I have found the following differential identity: $$\left(-x^2\frac{d}{dx}\right)^nf(x)=(-1)^n x^{n+1}\frac{d^n}{dx^n}\left(x^{n-1}f(x)\right)$$ I have used it to find an alternative Rodrigues representation for Bessel polynomials.
My proof
we have placed: $D=\frac{d}{dx}$ in order to save space.
We start observing that, for n=1 the following is trivial that:
\begin{equation} \left(x^{2}D\right)=x^{n+1}D^{n}x^{n-1},n=1 \end{equation}
Therefore for n=1 the identity holds.
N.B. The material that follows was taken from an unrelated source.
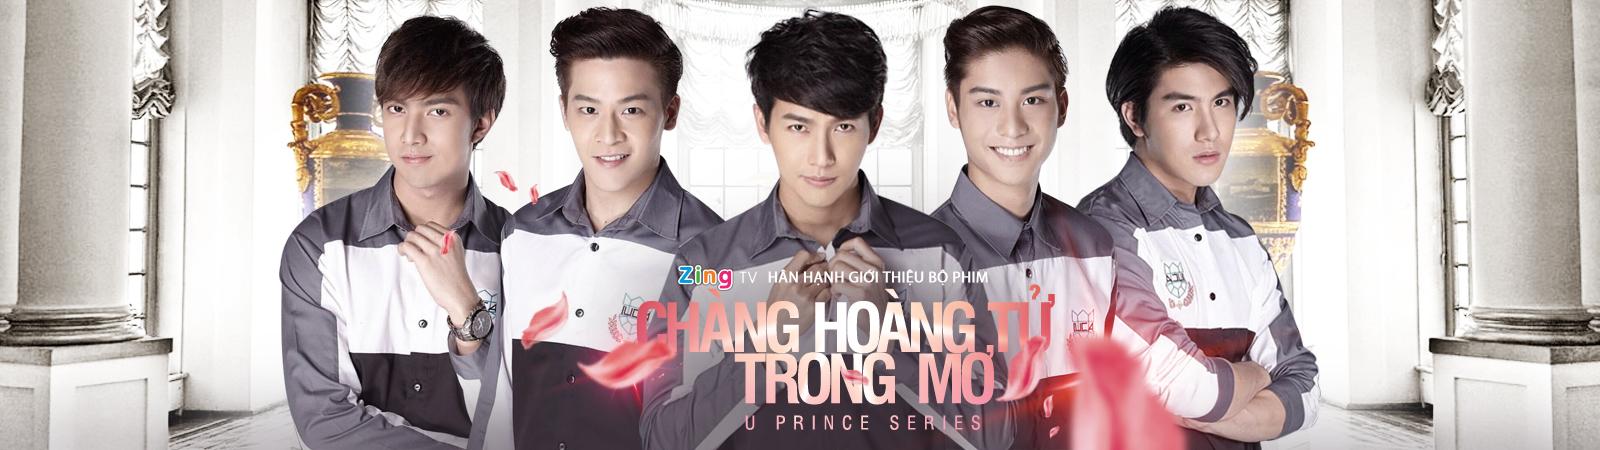 Tập 10 - U Prince Series - Chàng Hoàng Tử Trong Mơ

For induction we proof that, if the identity holds for n, then it holds also for n+1. Applying the operator$\left(x^{2}D\right)$
to both members:
\begin{equation} \left(x^{2}D\right)\left(x^{2}D\right)^{n}=\left(x^{2}D\right)\left(x^{n+1}D^{n}x^{n-1}\right) \end{equation}
\begin{equation} \left(x^{2}D\right)^{n+1}=x^{2}Dxx^{n}D^{n}x^{n-1}=x^{2}Dx^{n}xD^{n}x^{n-1} \end{equation}
remembering the following commutation rules:
\begin{equation} Dx^{n}\centerdot-x^{n}D=nx^{n-1} \end{equation}
\begin{equation} D^{n}x\centerdot-xD^{n}=nD^{n-1} \end{equation}
we can write:
\begin{equation} \left(x^{2}D\right)\left(x^{2}D\right)^{n}=x^{2}\left[Dx^{n}\centerdot\right]\left[xD^{n}\right]x^{n-1}=x^{2}\left[x^{n}D+nx^{n-1}\right]\left[D^{n}x\centerdot-nD^{n-1}\right]x^{n-1} \end{equation} \begin{equation} =x^{n+2}D^{n+1}x^{n}\centerdot+x^{2}\left[nx^{n-1}D^{n}x\centerdot-x^{n}DnD^{n-1}-nx^{n-1}nD^{n-1}\right]x^{n-1} \end{equation}
Now we can show that the term in square parentheses is null, indeed applying above seen commutation rules:
\begin{equation} =x^{n+2}D^{n+1}x^{n}\centerdot+x^{2}\left[nx^{n-1}xD^{n}+nx^{n-1}nD^{n-1}-nx^{n}D{}^{n}-nx^{n-1}nD^{n-1}\right]x^{n-1}= \end{equation}
\begin{equation} =x^{n+2}D^{n+1}x^{n}\centerdot+x^{2}\left[nx^{n}D^{n}-nx^{n}D{}^{n}+nx^{n-1}nD^{n-1}-nx^{n-1}nD^{n-1}\right]x^{n-1}=x^{n+2}D^{n+1}x^{n}\centerdot \end{equation}
Therefore:
\begin{equation} \left(x^{2}D\right)^{n+1}=\left(x^{2}D\right)\left(x^{2}D\right)^{n}=x^{n+2}D^{n+1}x^{n}\centerdot \end{equation}
Questions
Is my proof correct?
Is this identity already known? If yes, what are the references?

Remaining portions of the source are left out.